The probability distribution of a discrete random variable \(X\) must satisfy the following three rules:

  1. Defines \(\text{Pr}(X=x)\) for each outcome \(x\)
  2. Each probability must be between 0 and 1 (inclusive)
  3. The probabilities must sum to 1

Let’s confirm that the distribution we found on the previous slide satisfies these rules!

Addition rule

Let \(A\) and \(B\) be two possible events. Then the addition rule states that the probability that at least one will occur is:

\[ \text{Pr}(A \cup B) = \text{Pr}(A) + \text{Pr}(B) - \text{Pr}(A \cap B) \]

  • Venn diagram

  • Example: in a standard deck of 52 cards, we have four suits (diamond, heart, club, spade) with 13 cards within each suit (1-10, Jack, Queen, King).

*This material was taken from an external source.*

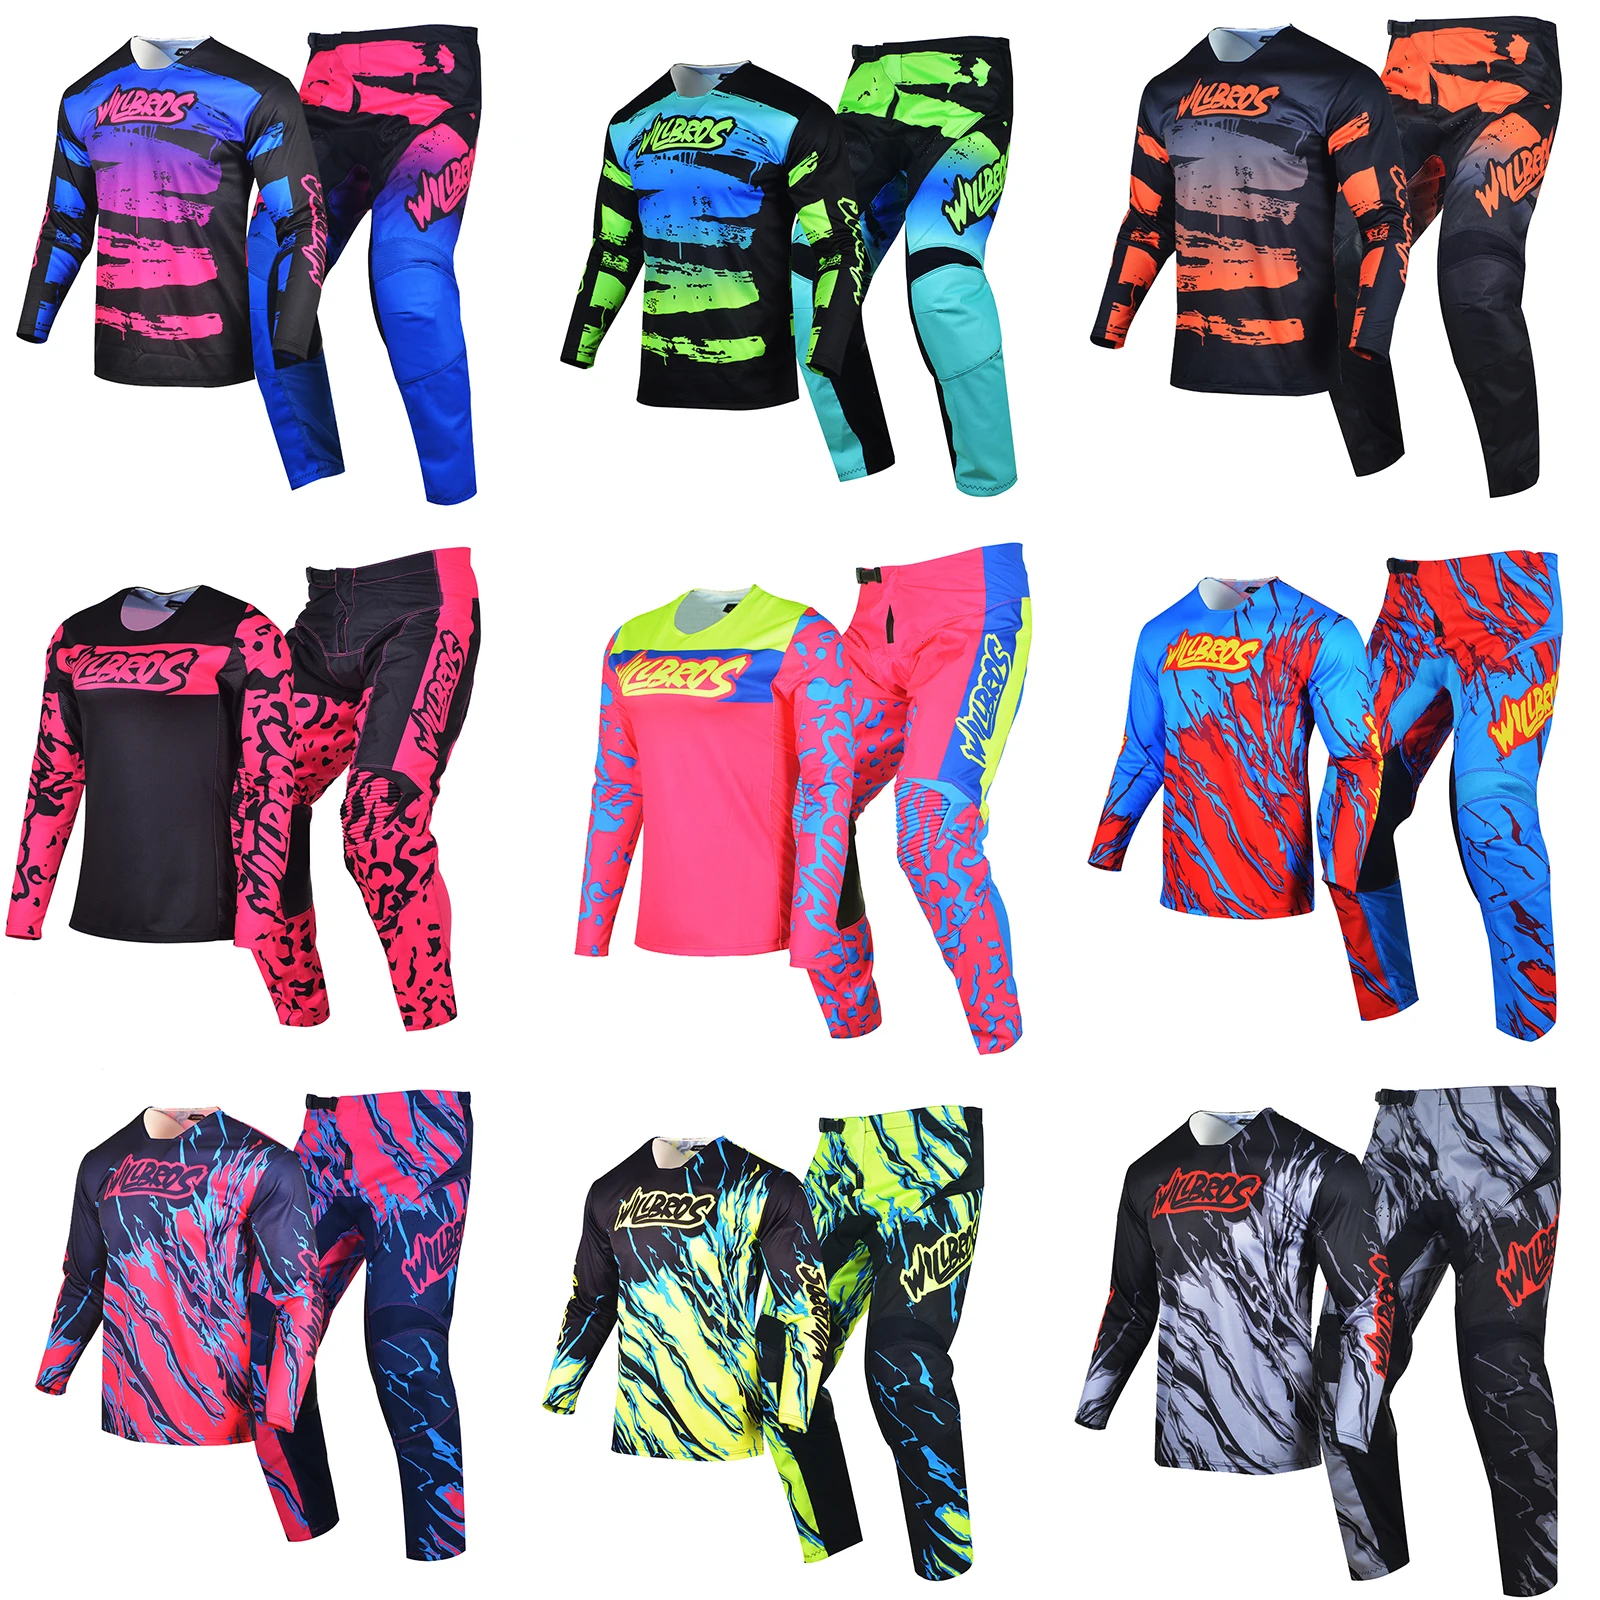 

Jersey Pants Combo MX Gear Set Motocross Outfit Willbros Enduro Dirtbike Suit Moto Cross MTB ATV UTV DH Bicycle BMX Race Kit Men

    • Suppose we randomly draw one card from the shuffled deck.

    • Let \(A\) be the event that the card is a spade.

    • Let \(B\) be the event that the card is a face card (Jack, Queen or King).

    • Find \(\text{Pr}(A \cup B)\).

Complement

  • The complement of an event \(A\) is the set of all outcomes in \(S\) that are not in \(A\)

    • Denoted as \(A^c\)
  • Continuing the dice example, if \(A\) is the event that a 1 or 2 is rolled, what is \(A^c\)?

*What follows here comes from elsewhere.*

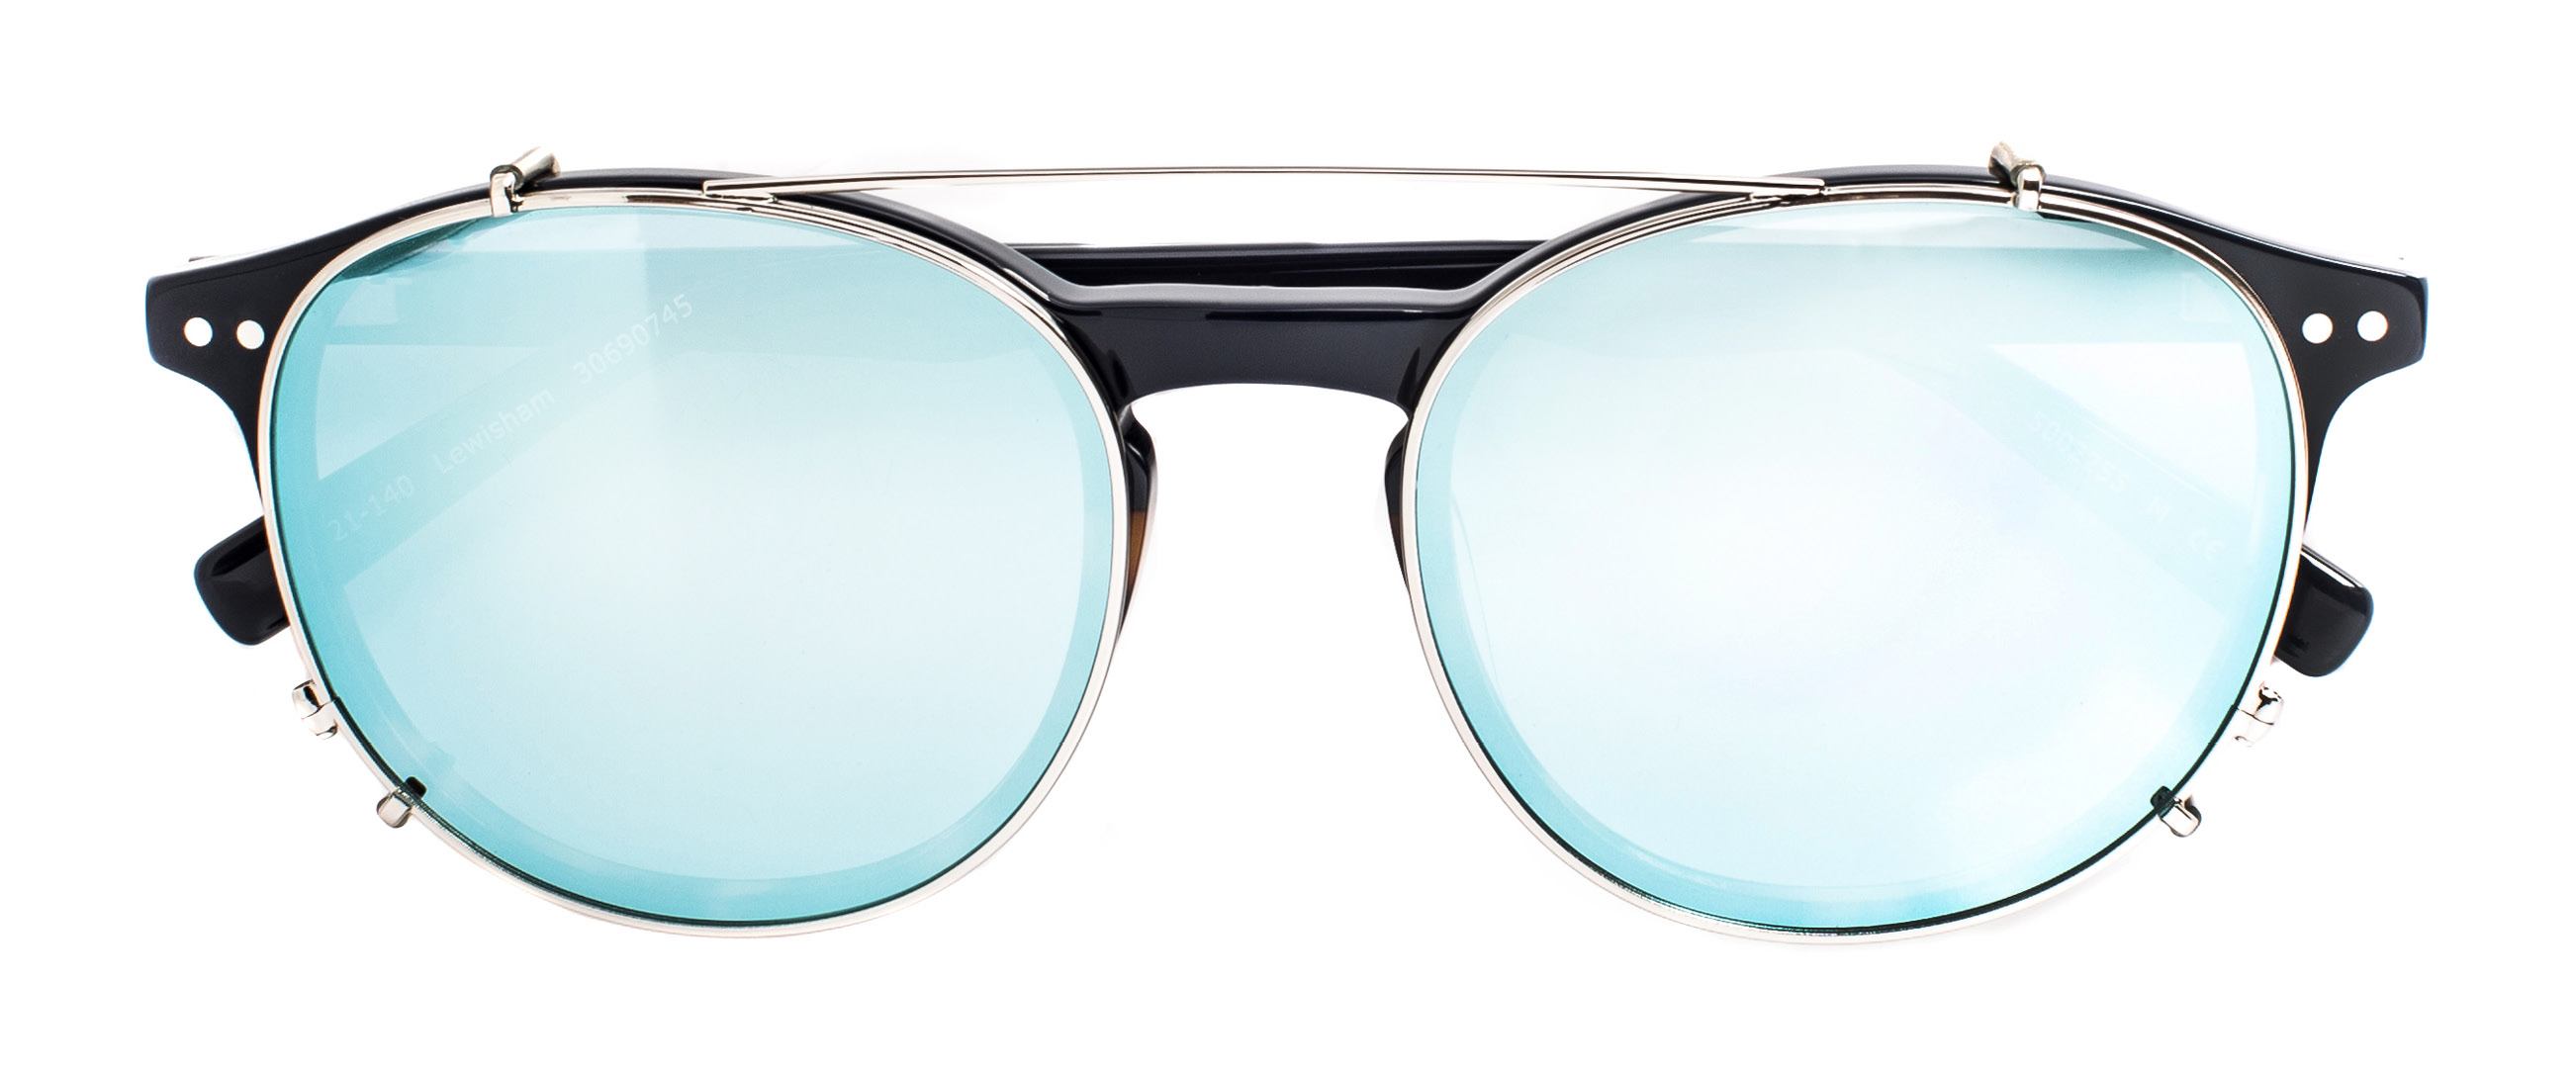 Sunglasses Carrera 5256 Clip Vintage Panto Frame Clip On

  • Complement rule: \(\text{Pr}(A^c) = 1 - \text{Pr}(A)\)

  • Let our random process be rolling two fair dice, and \(X\) represents the sum of the two dice. What is the probability that…

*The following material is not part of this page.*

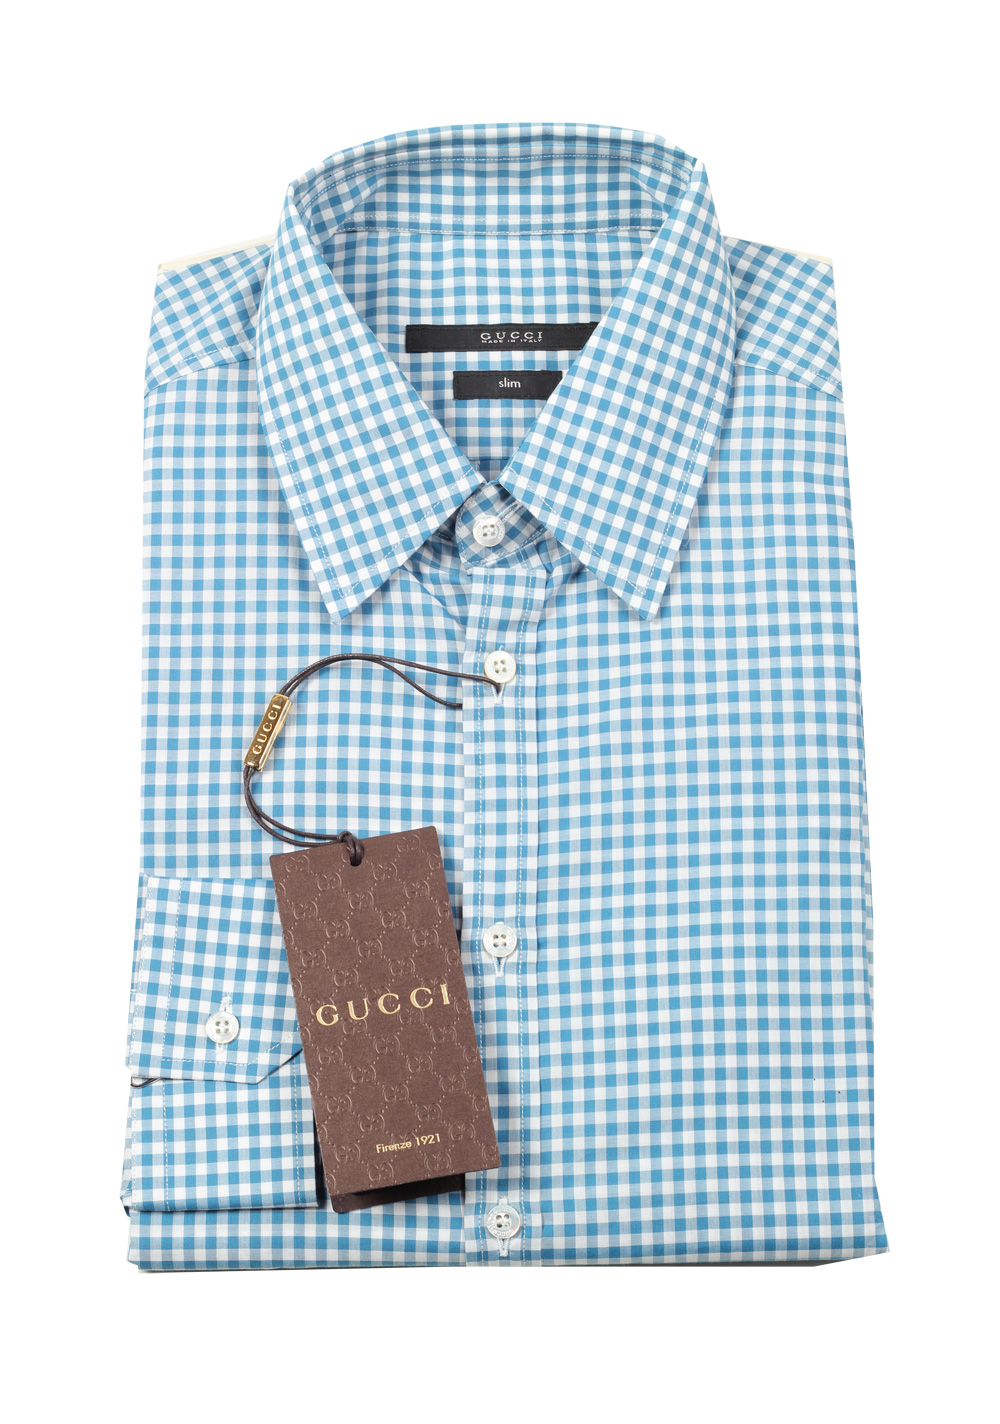 Gucci Checked Blue Dress Shirt Size 41 / 16 U.S. Slim | Costume Limité

    • the sum of the dice is \(not\) 6?

    • the sum is at least 4?

Independence

  • Qualitatively, two processes are independent if knowing the outcome of one does not provide any information about the outcome of the other process

    • Examples and non-examples?
  • Formally: \(A\) and \(B\) are independent events if \(\text{Pr}(A \cap B) = \text{Pr}(A) \times \text{Pr}(B)\)

Practice

A Pew Research survey asked 2,373 randomly sampled registered voters their political affiliation (Republican, Democrat, or Independent) and whether or not they identify as swing voters. 35% of respondents identified as Independent, 23% identified as swing voters, and 11% identified as both.

  1. If I randomly sample one of the voters, what is the probability that they are…
    1. Independent but not a swing voter?
    2. Independent or a swing voter?
    3. Neither Independent nor swing voters?
  2. Is the event that someone is a swing voter independent of the event that someone is a political Independent?